Investir tempo em atitudes que possam ter alguma valia para o problema. Se, enfim, tudo não puder ser resolvido da forma desejada, aceitar é a única solução.

Porém, desistir é inaceitável.

Desistir? Nunca. Cair? Não, eu não caio mais.

Não me prostrarei ao chão com lágrimas no coração e lá ficarei.

Erguer-me-ei uma vez mais, movido e sustentado pelo amor que tentam impedir.

Ninguém pode nos impedir de sentir, nem a dor, nem a distancia, muito menos outras pessoas. Se precisar ser, o tempo passará, e então, novamente a felicidade reinará, e aí, ninguém poderá impedi-la.

Sim, pois esse é um amor mais forte que muita coisa que possam já ter visto, pois salvou-nos de todas as formas que alguém pode ser salvo, ensinou a ambos o verdadeiro sentimento do amor correspondido entre um homem e uma mulher, transformou a ambos, o garoto virou homem, a garota virou mulher.

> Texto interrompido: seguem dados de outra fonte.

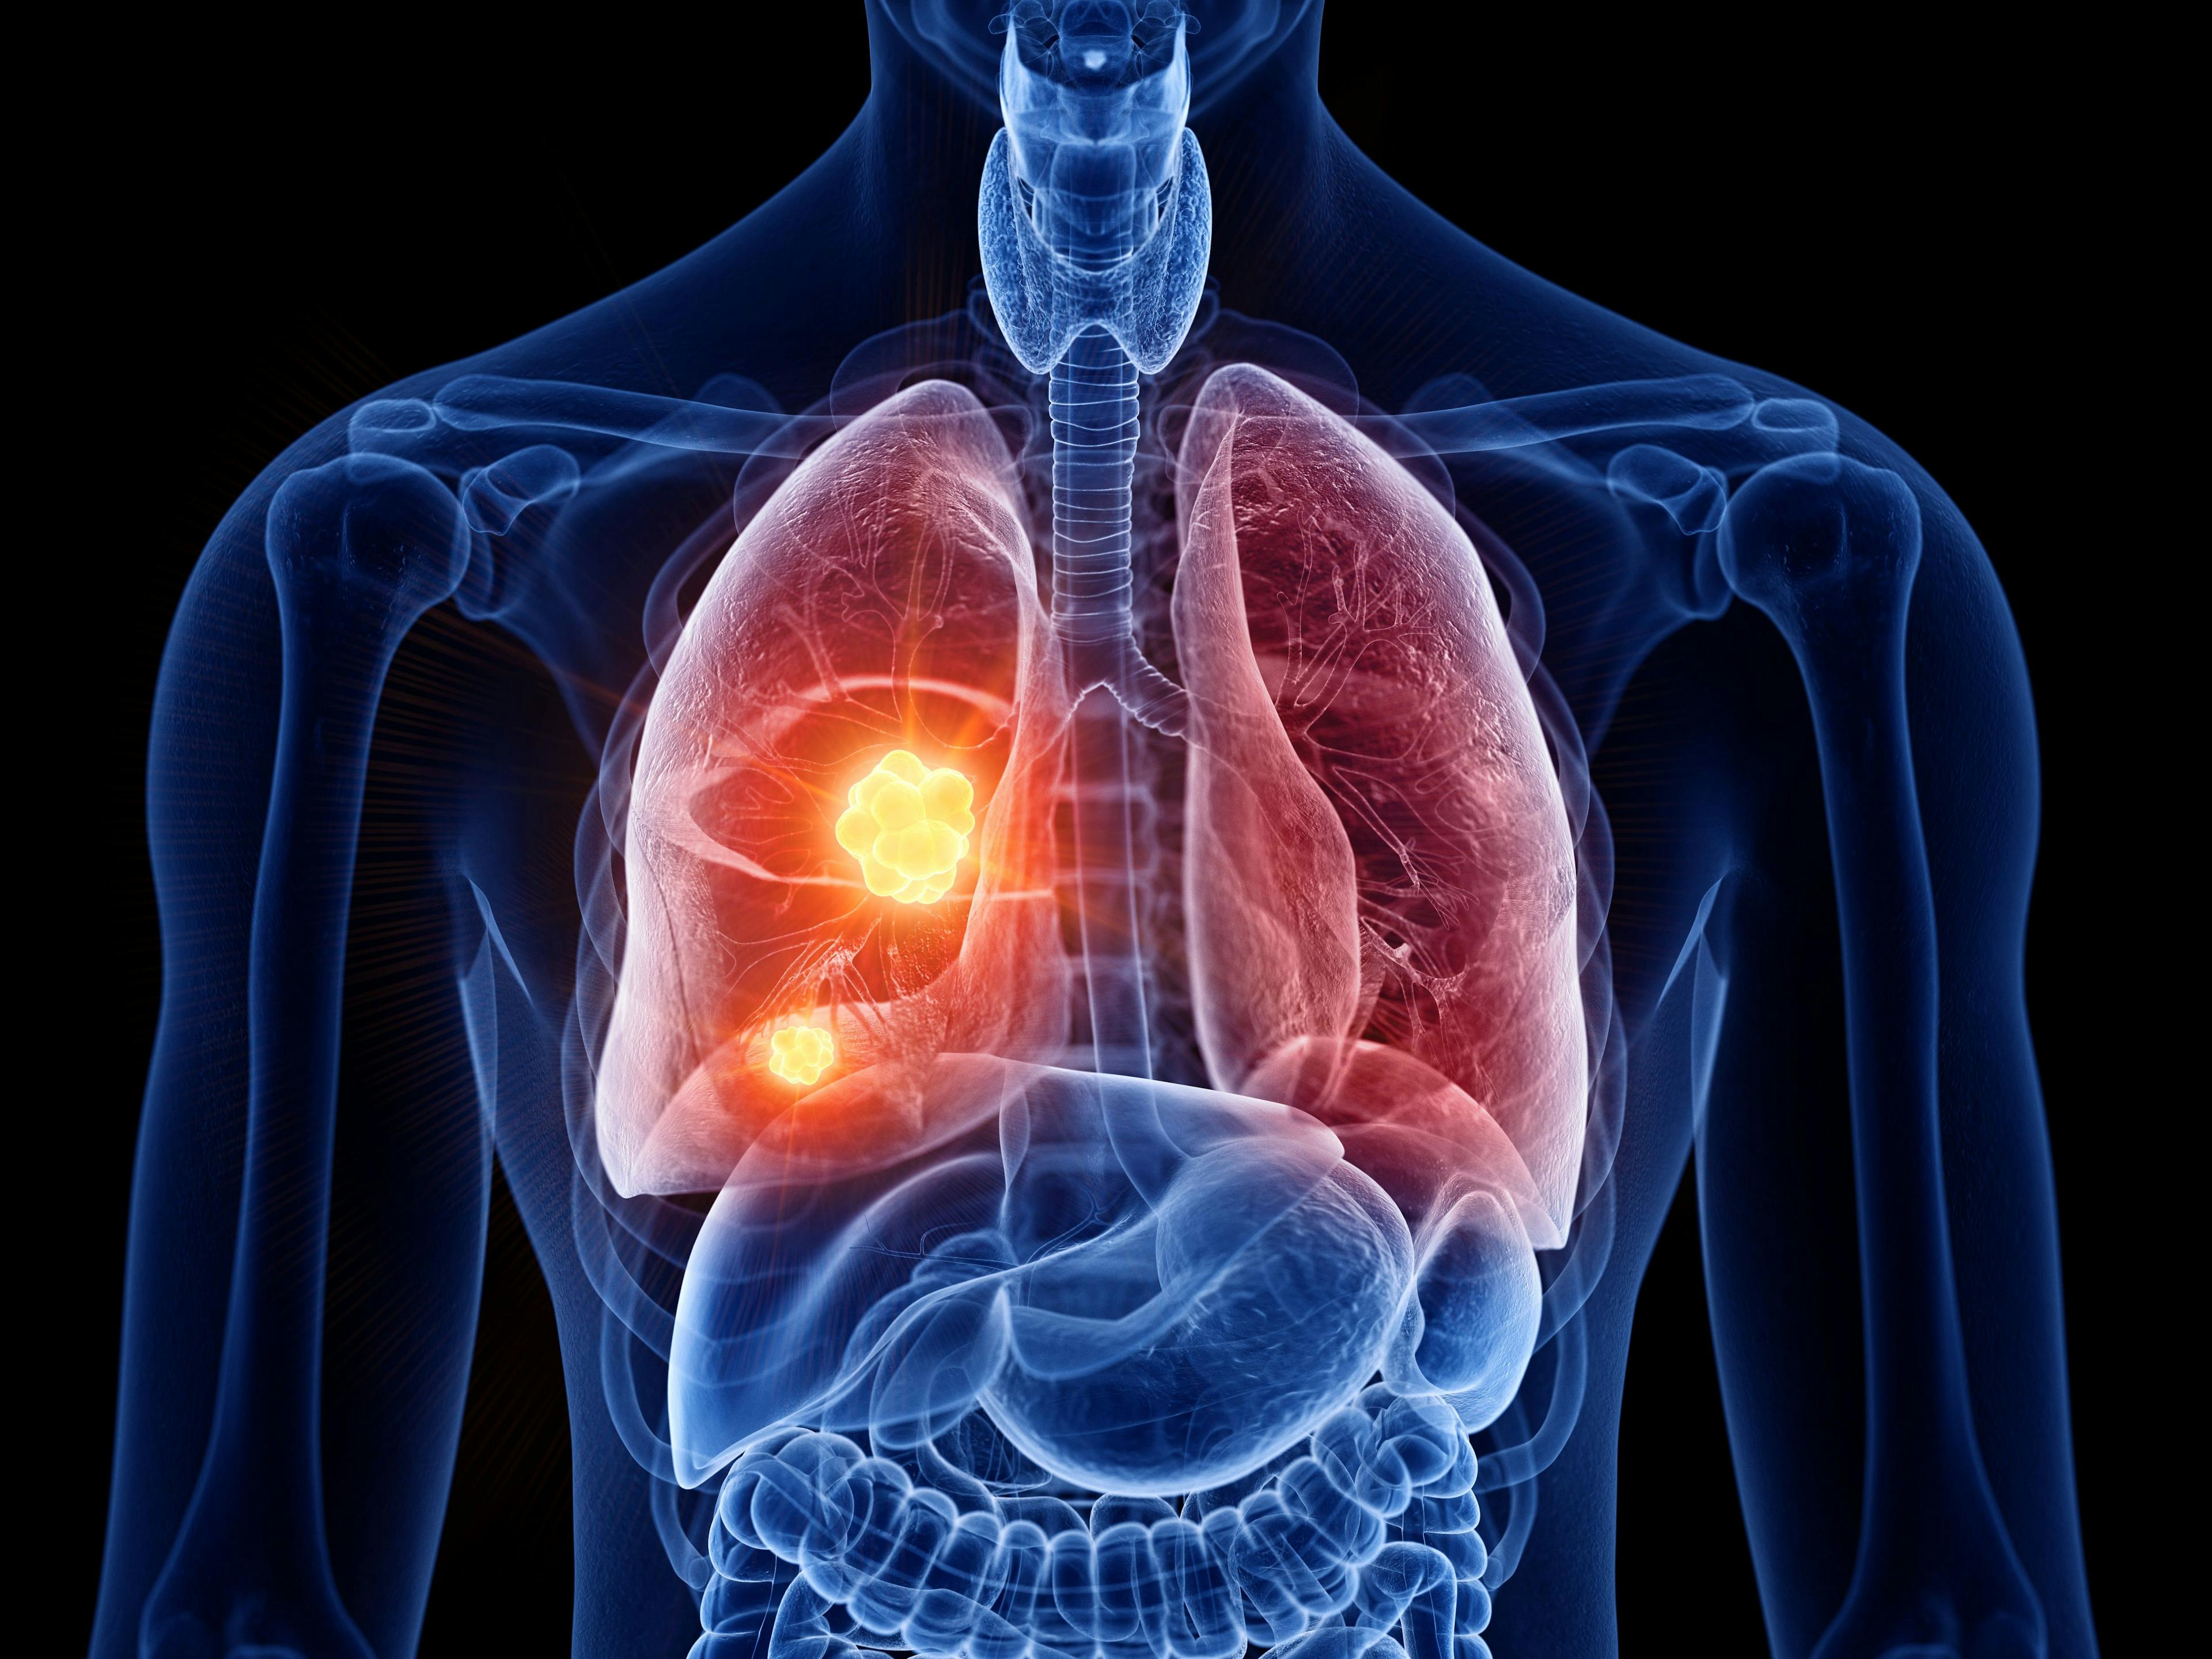 Lung cancer illustration | Image credit: SciePro - stock.adobe.com

Mostrou que é capaz de existir a felicidade plena sem um motivo especial. Está-se apenas feliz, e isso basta. Basta por que a pessoa está ali, ao nosso lado, também feliz.

Ah, se o arrependimento matasse...

Estaria eu enterrado dezenas de palmos abaixo da terra.

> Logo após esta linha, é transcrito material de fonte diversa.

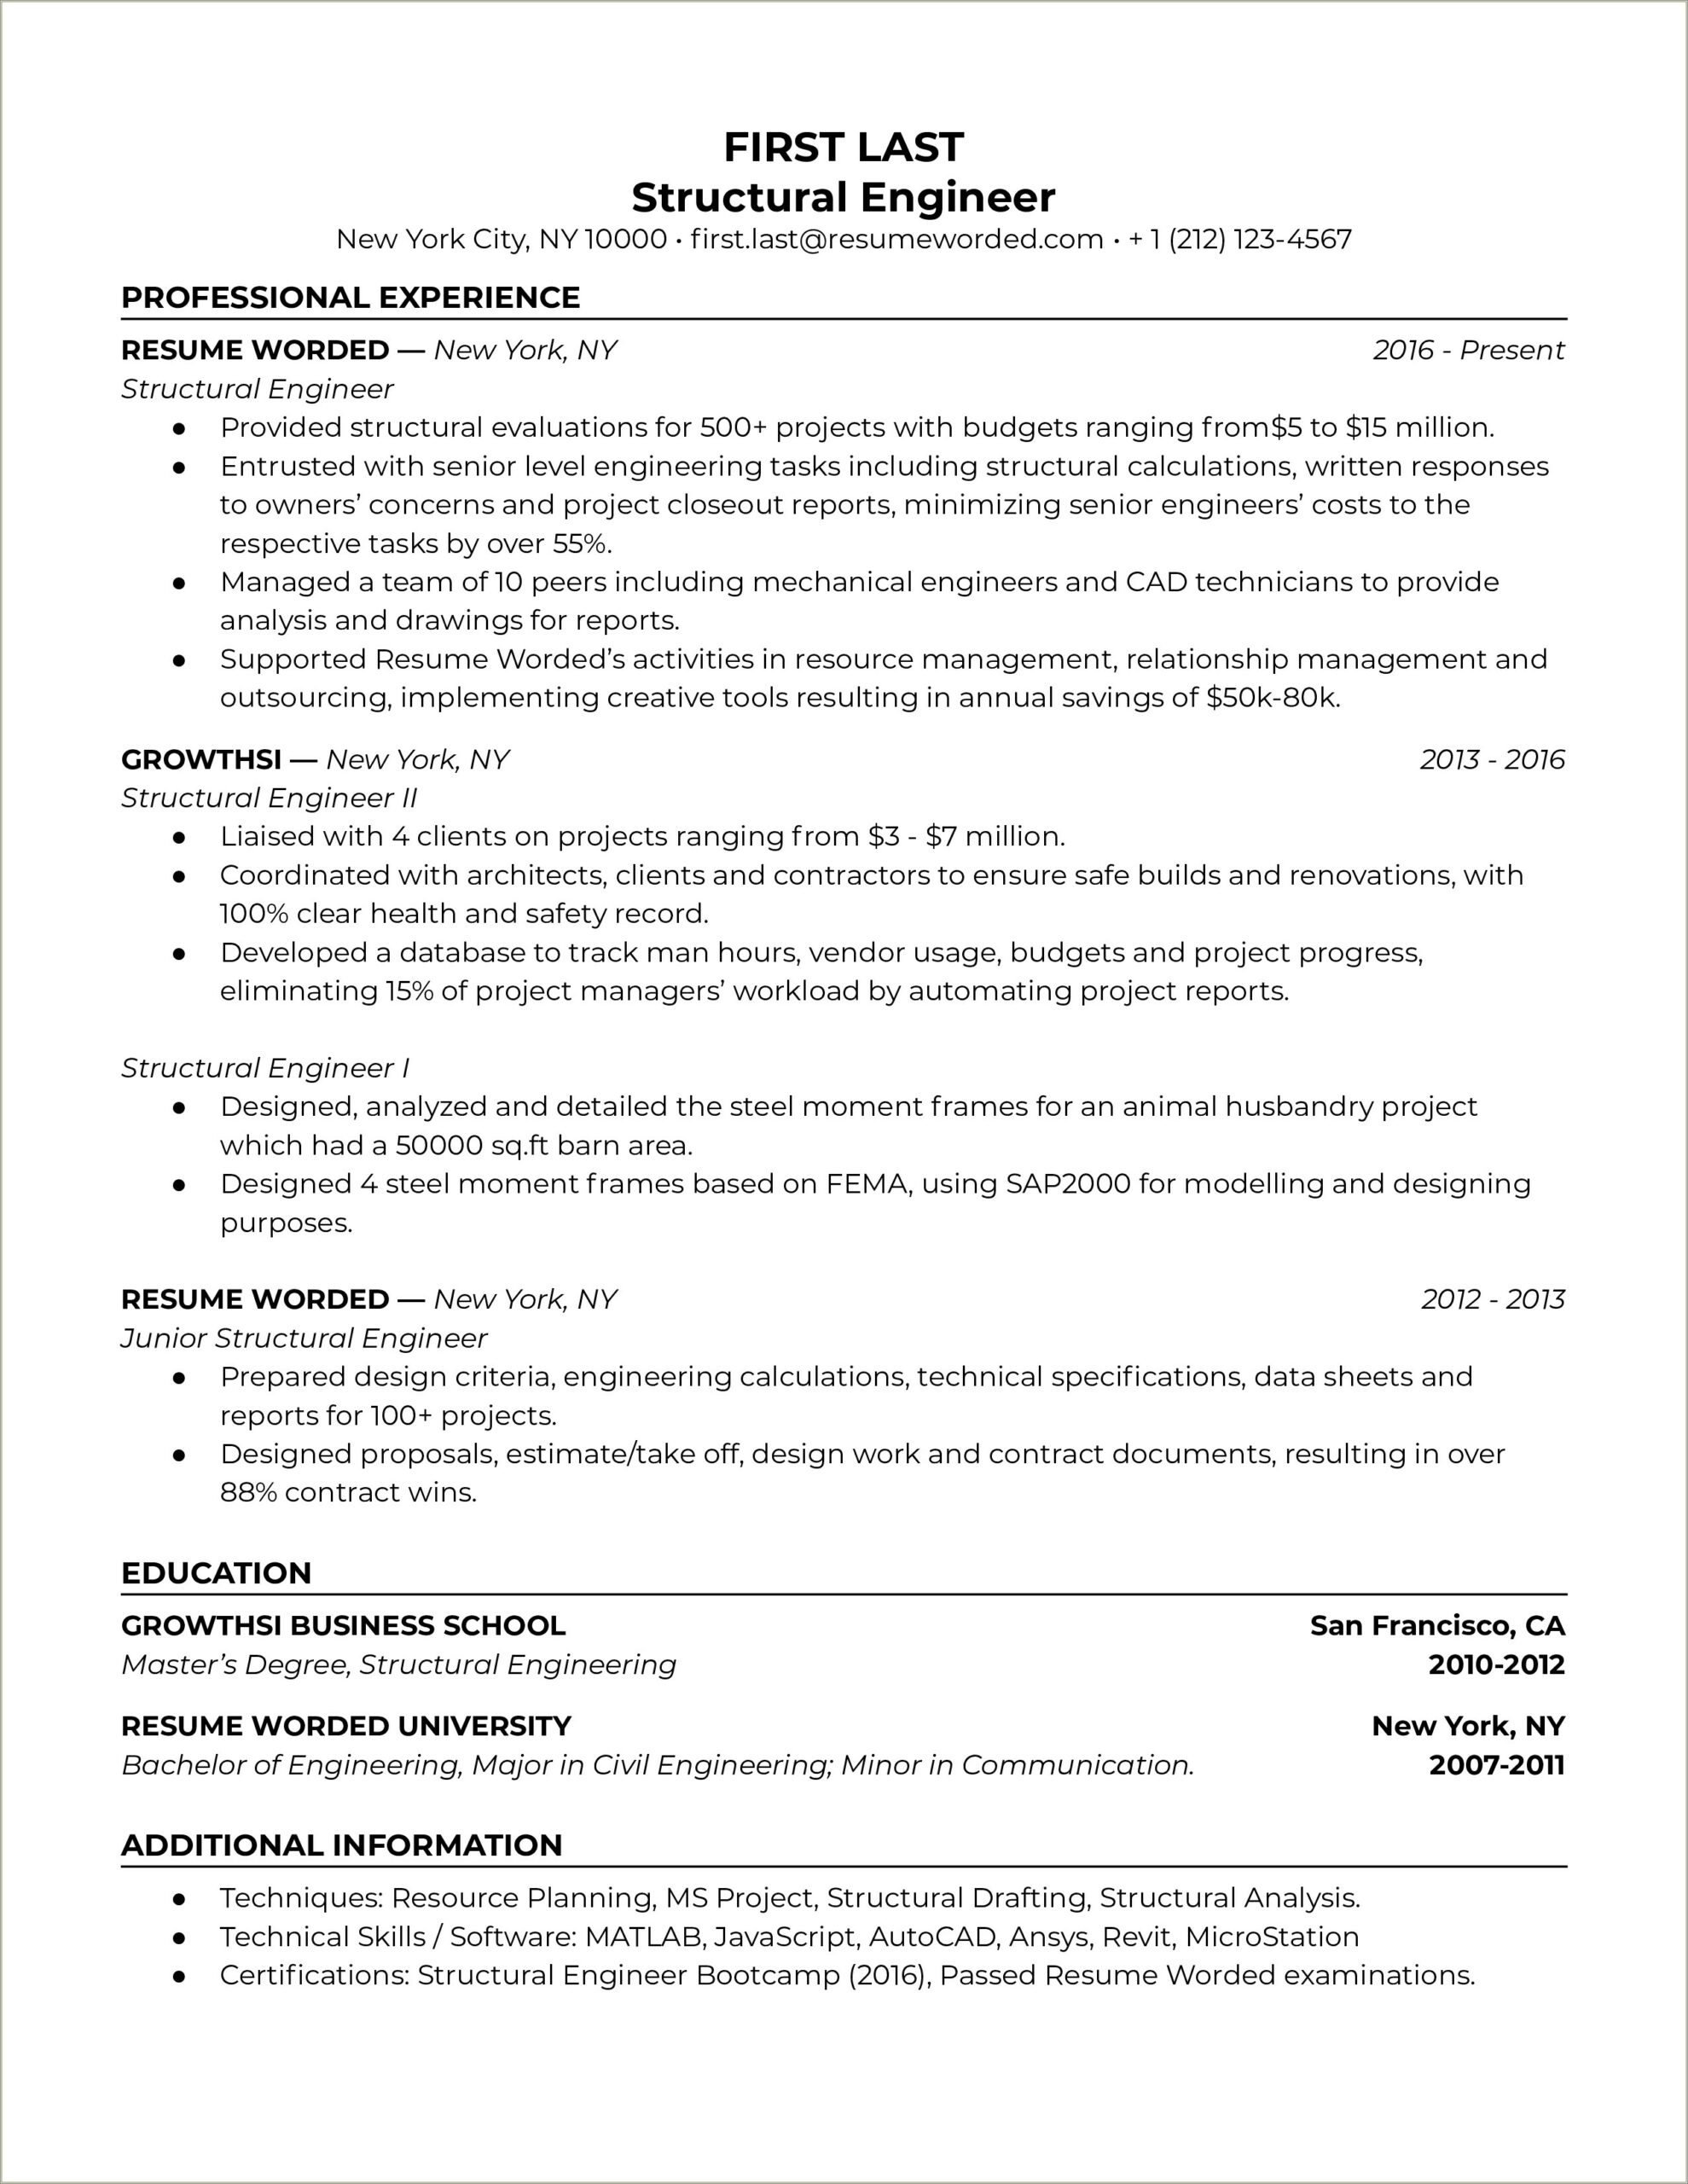 Sample Resume For Entry Level Civil Engineer

Se o arrependimento curasse... Hoje nada disso estaria acontecendo. Hoje tudo estaria bem e eu não estaria sentindo como se uma faca de prata, fria como a morte, se fincasse no meu coração todas as vezes que penso que não verei aquele sorriso, aqueles olhos, ouvirei aquela risada, aquela voz sussurrando o meu nome, por um bom tempo ainda.

Mas... não. Quem disse que tudo está perdido?

O arrependimento não mata nem cura, nem nunca matará ou curará. Não se morre, também, de dor no coração e saudade. Ambos, porém, podem inspirar a perda da força de vontade.

Mas, novamente, não. Usarei tais sentimentos tão dolorosos, se for realmente necessário, para me fazer continuar em frente e cada vez mais em frente, para cima, para poder lutar pelo meu amor.

E então, um dia, e juro que esse dia não demorará a chegar, estaremos juntos novamente. Se quiserem impedir, não poderão, apenas nos forçarão a fazer coisas que não queremos, a providenciar, quem sabe, uma quebra das regras, um afastamento não desejado.

Mas, se chegar a tal ponto, infelizmente não restará escolha.

As regras estão sendo impostas. Tais regras serão seguidas.

Regras, entretanto, foram feitas para serem quebradas, em sua maioria. Assim que se tornar possível, plausível e tangível, nada nos impedirá de por tais regras abaixo.

A vida é uma questão de escolhas. Uma escolha minha desencadeou essa situação. Uma escolha de outras pessoas está agravando-a sem necessidade, o que apenas nos obrigará a tomar outra escolha.

Mais uma vez, é uma questão de escolher. Escolhemos o nosso futuro. Escolheram dificultá-lo. Escolheremos realizá-lo, não importam as escolhas que precisarão ser feitas para que isso aconteça.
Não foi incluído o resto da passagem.